美しく、速い 傑作マシン│イタリアが生んだ伝説のラリーカー「037」誕生秘話

Photography:Max Serra

ランチア037は世界ラリー選手権で優勝した最後の後輪駆動モデルだ。ここで紹介するのはその開発に用いられたオリジナルカーで、開発者本人によってレストアされた1台である。

"037"はイタリア語読みでゼロトレンタセッテ、つまりひとつの単語である。これが車の名前で、そのブランドだけでなく当時のラリー界まで象徴する言葉であることは、いまさらいうまでもない。エンジンパワーが二輪だけに伝えられるランチア・ラリー037は、世界ラリー選手権で優勝した最後の後輪駆動モデルであり、伝統的な後輪駆動の"ダビデ"が、四輪駆動のゴリアーテに放った最後の一撃である。

そして、当時のラリードライバーは誰もがこの情熱的なモデルに恋をした。

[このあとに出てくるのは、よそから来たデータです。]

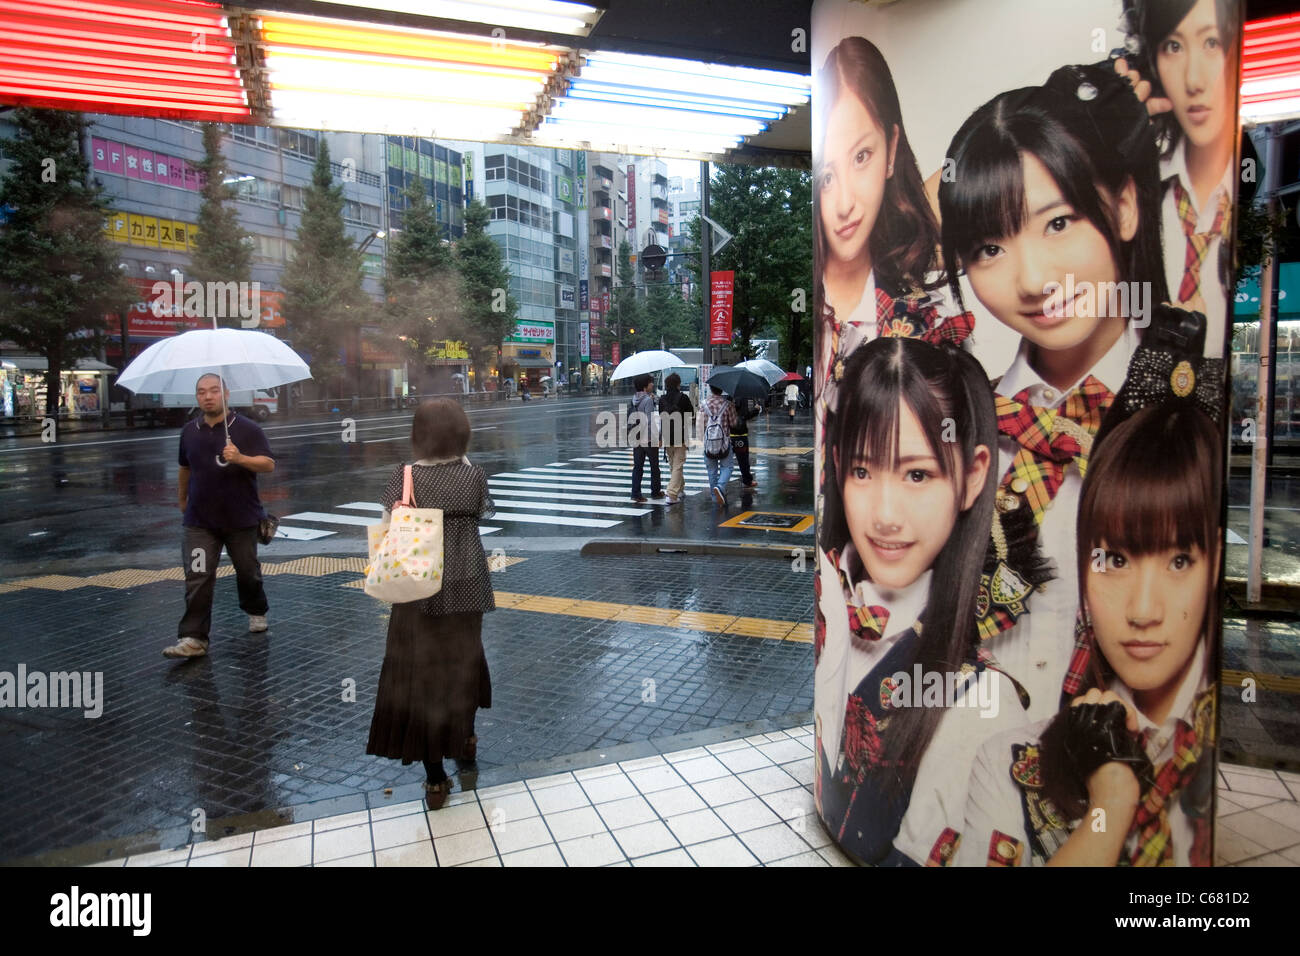 Immagine di giovani ragazze a un cosplay, anime, manga e giochi di ruolo in negozio di Akihabara, Tokyo, Giappone. Foto Stock

その慈悲深さゆえに、ジョルジォ・ピアンタは037のことをマンマ(イタリア語で「お母さん」の意味)と呼んだ。しかも037は美しく、速く、信頼性も優れていて、グループB時代でもっとも特徴的かつもっとも有名なラリーカーとなった。エンスージャストであれば037というだけで通じる。エルヴィスといえば誰もがプレスリーを思い浮かべるのと同じことだ。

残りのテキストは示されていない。